Los Honrados Viejos del Salvador, a hospital founded in the mid-fourteenth century by a Brotherhood of plural composition at the request of Bishop Narváez, to protect helpless old Christians, radically renovated their property in such a way that basically what has come down to us belongs to the Renaissance. The Institution's benefactor was the famous secretary of the Emperor Carlos V, Francisco de los Cobos, from Ubetense, who assigned them an annual income of 100 ducats for the land they had given him for the construction of his funeral Chapel in El Salvador.

Located near the head of the Sacred Chapel, from its old configuration, two arches in its courtyard, the chapel and the portal remain standing. In 1548 Andrés de Vandelvira gave the conditions to make the "room of the church of the ospital", data published by D. Fernando Chueca Goitia. A series of documents, released by V. M. Ruiz Fuentes, allow us to know more about the construction process.

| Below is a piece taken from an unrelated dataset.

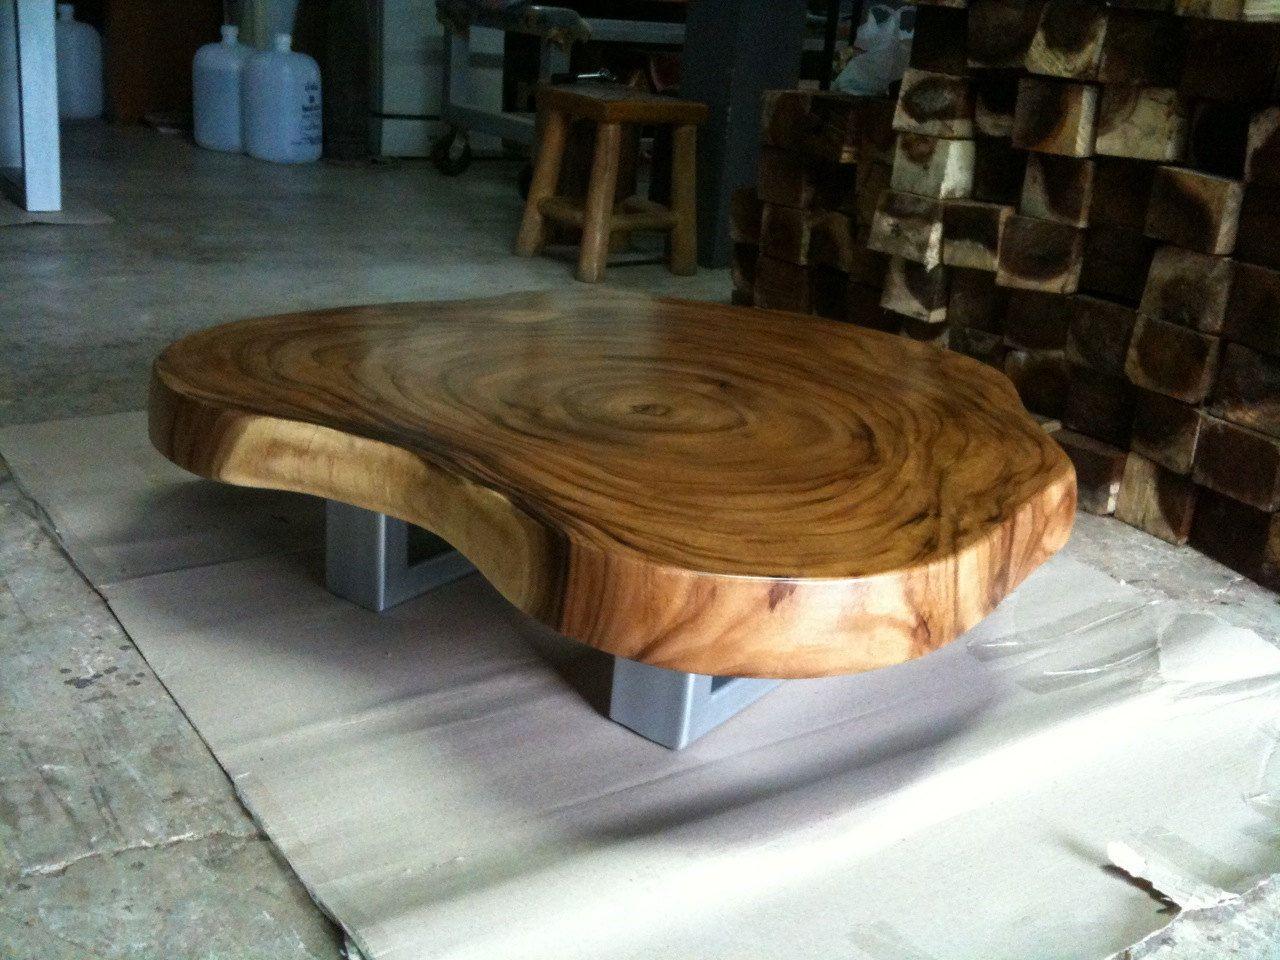 Coffee Table Reclaimed Acacia Wood Solid Slab Flowbkk On Etsy throughout sizing 1280 X 960

The material execution was carried out by the stonemason Antón Ruiz, also entrusted by Vandelvira, and the work was finished in 1551 and with a simple rectangular layout, which in 1563 the carpenter Juan Navarro covered with a wooden ceiling with beautiful ship's bow corbels with angels. , according to a project also by Andrés de Vandelvira.

Of the double pandas in the courtyard, the one that stands in front of the chapel is due to the stonemason Diego de Escalona, ??who, in 1552, gave plans and conditions, although we suppose that the works must have been carried out under the supervision of Vandelvira. The other, in line with the façade, was completed in 1581 following models by S. Serlio. The cover, dated 1567, was carved according to the plans and conditions of Andrés de Vandelvira by stonemasons Diego de Alcaraz, Martín López de Alcaraz and Pedro Hernández de Cantabrana. Aligned with the southern one of the Sacred Chapel, it is of a simpler and more serious invoice as corresponds to the Institution; It is articulated in two bodies, the ground floor with Doric columns on high bases that shelter the semicircular entrance arch, after the entablature the second body is traced following a typical Serlian composition, a semicircular arch as a niche to shelter the titular Saint and on the sides there are lintel windows, everything being framed by Ionic columns on which a second entablature rests. On the roof and -displaced from the façade- stands a simple belfry topped with a triangular pediment with a relief of God the Father.